Editor: Virginia Katz

“Ginny studied music, and she brings that musical sense to her work. The first number, ‘Belle,’ is almost five minutes, and there is so much story being told between the lines, about Belle, the village, her relationships with various people and the way girls are second-class citizens — and there was an established structure because of score. It was tricky; Virginia was always asking, ‘Is that point coming through?’ She was always finding something new, and it was exciting to watch the evolution of that number.”

Makeup/hair design: Jenny Shircore

“People think of the household staff and Beast as CG characters, but they all started with Jenny’s real design. The movie opens with the prince [Dan Stevens], with markings on his face, all painted blues and gold; those became actual markings when he turns into the Beast. She was on the movie way, way before the start, consulting and throwing out ideas. She designed characters as human beings, as they’re seen in the beginning and at the end of the film. And those ideas were translated into the household staff, which was the elaborate design by Framestore and the VFX team.”

Visual effects supervisors: Kyle McCulloch & Glen Pratt, Framestore

“We didn’t know if there was a movie worth doing until those guys demonstrated how we could create these enchanted characters in a way that was charming, not creepy, and completely original. We were excited but scared. ‘Be Our Guest’ was all created by these wizards. We started talking in preproduction, and things were created in pre-vis, then Anthony van Laast choreographed it, then they translated that into VFX. It was two years from conception to completion.”

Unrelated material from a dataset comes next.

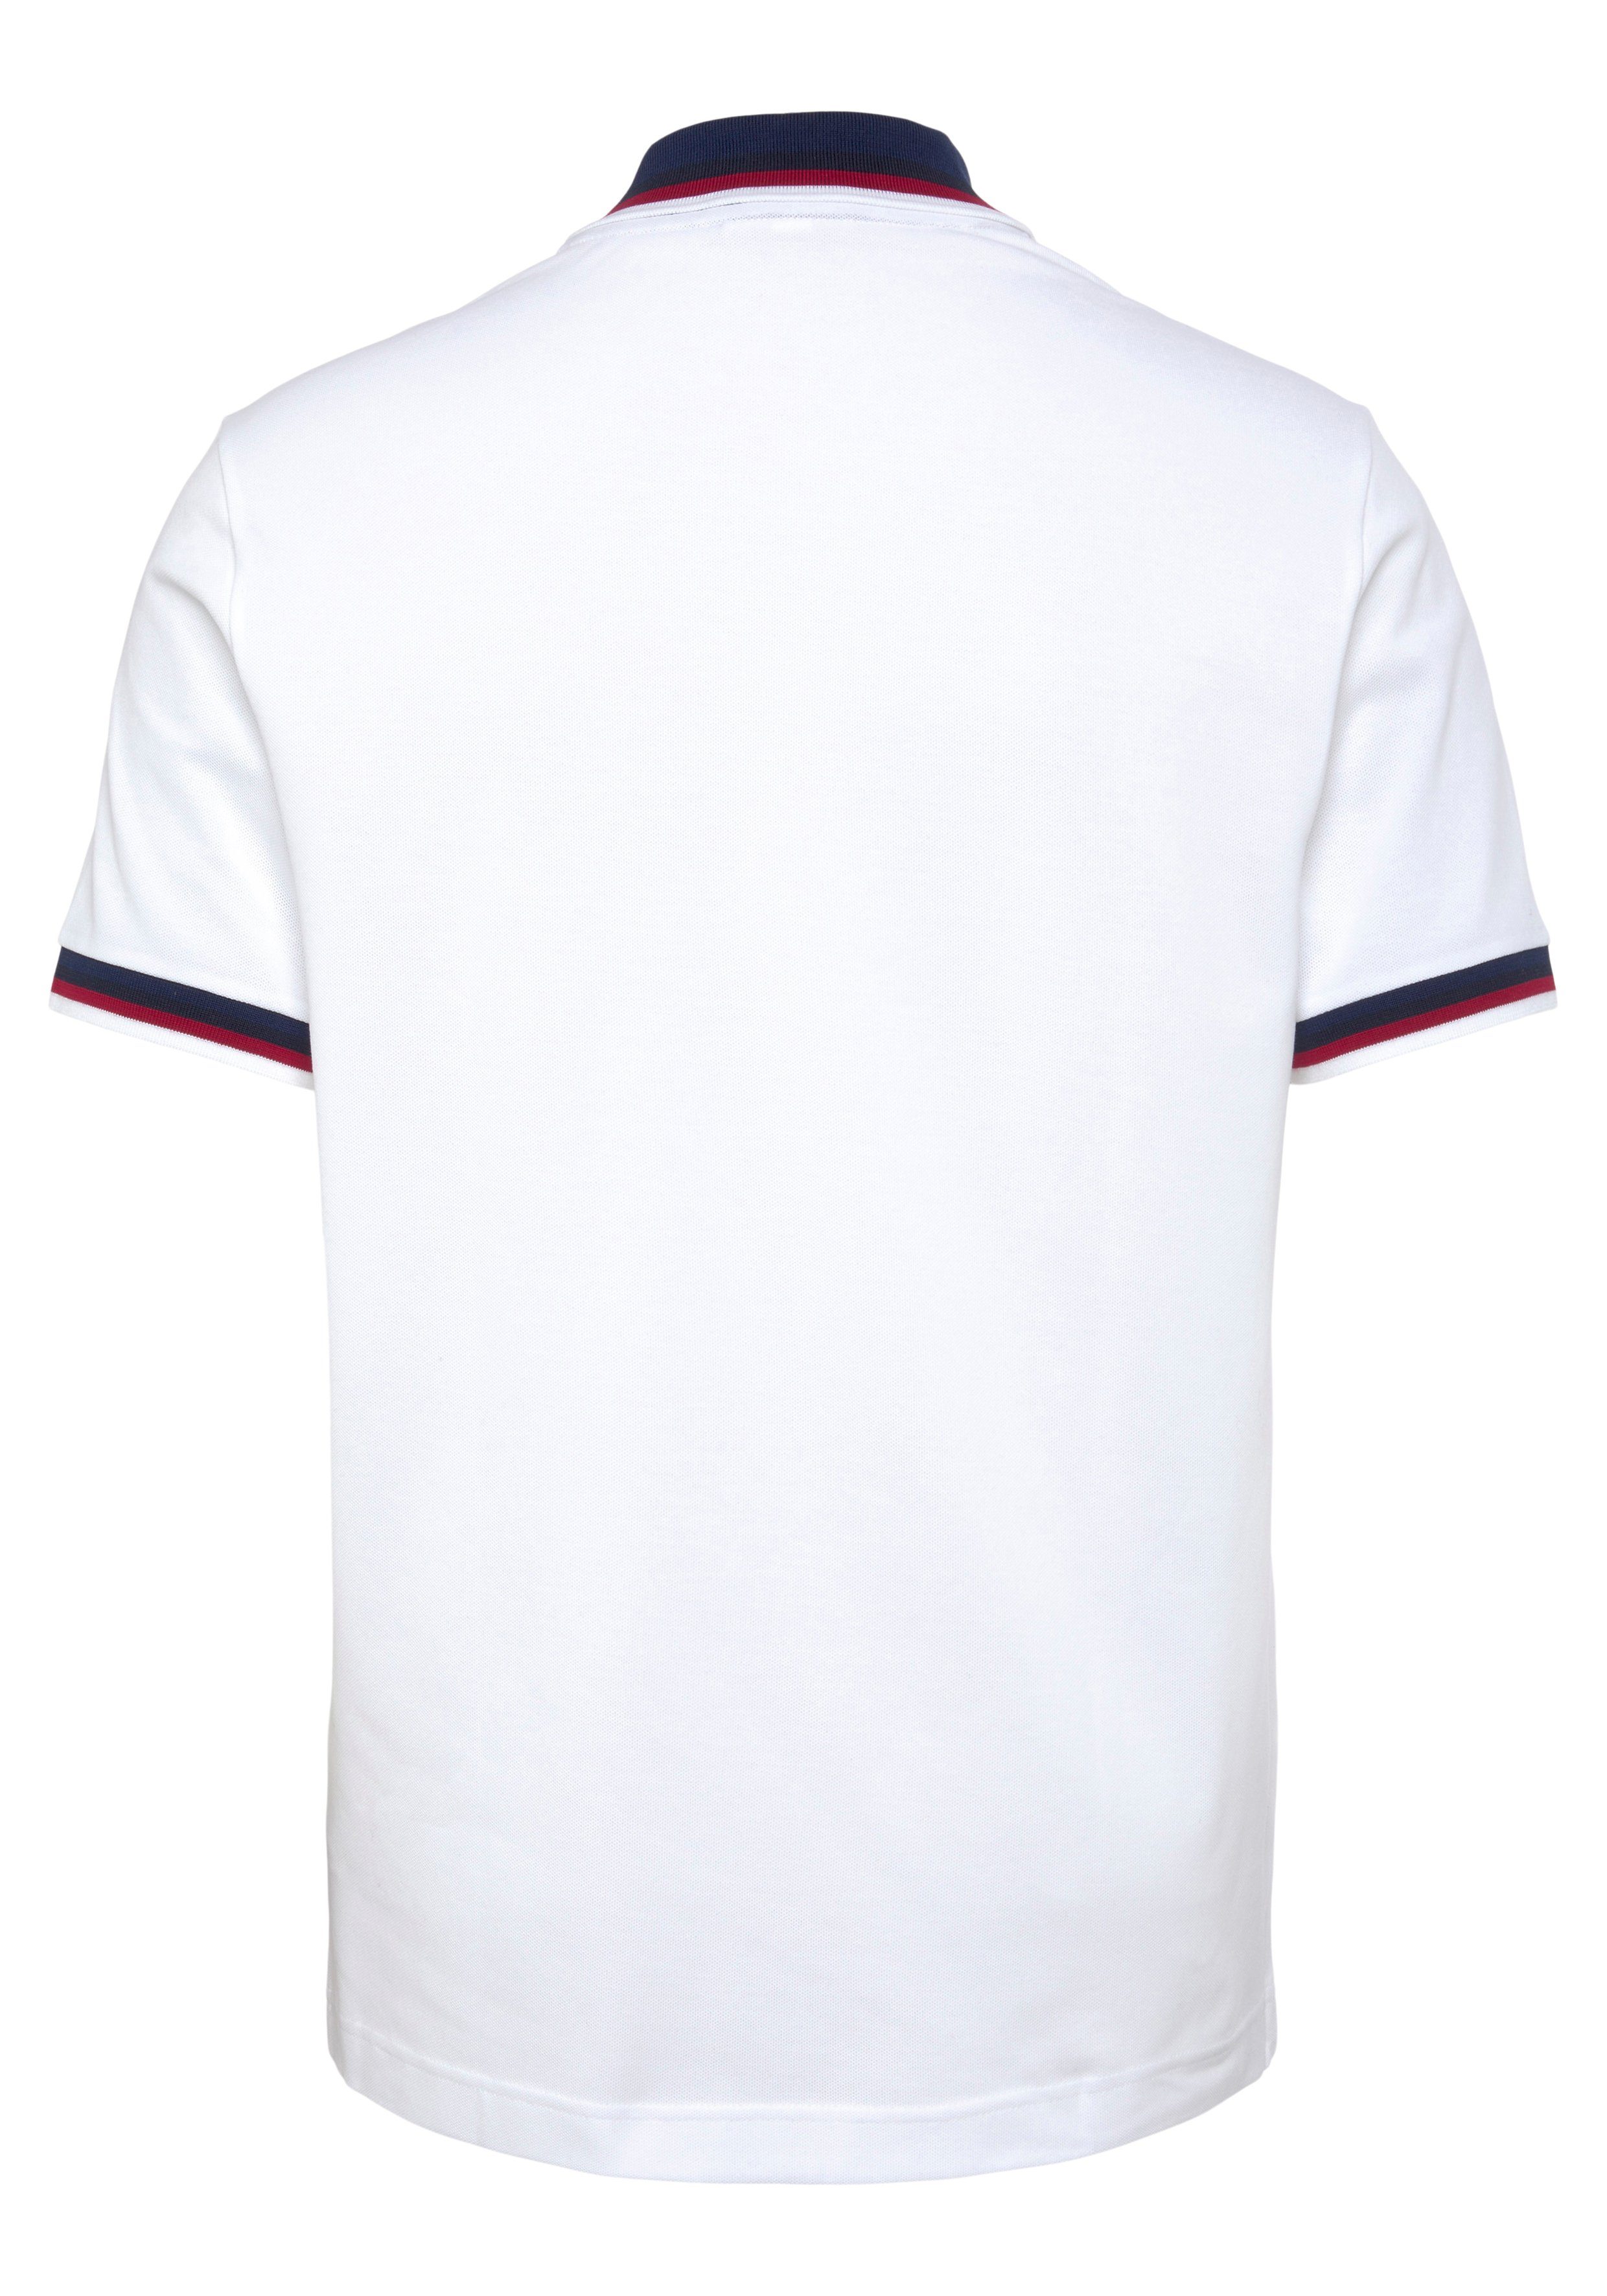 auf Lacoste mit der Brust WHITE Poloshirt Logo POLO Lacoste

Sound: Warren Shaw, sound designer; Mike Minkler, re-recording mixer

“Dan [Stevens, as the Beast] was in this weird jumpsuit. To find his sound, we fooled around with a half-human, half-animal sound; this was done in preproduction, though it’s usually done in post. With household members like Cogsworth [Ian McKellen], the question was: Is this a clock? Is he human? We had an idea that they’re getting progressively less human as time passes and their insides start to dominate, so their voices become more mechanical. Warren was able to get that. When the picture was completed, his sound design came to life. And Mike Minkler has a mastery of making a musical as immersive as possible. It’s powerful music but also familiar, and that was Mike’s challenge: to make audiences hear it for the first time. That was a big contribution, where the movie took a
big bump-up when we got into the final steps of production.”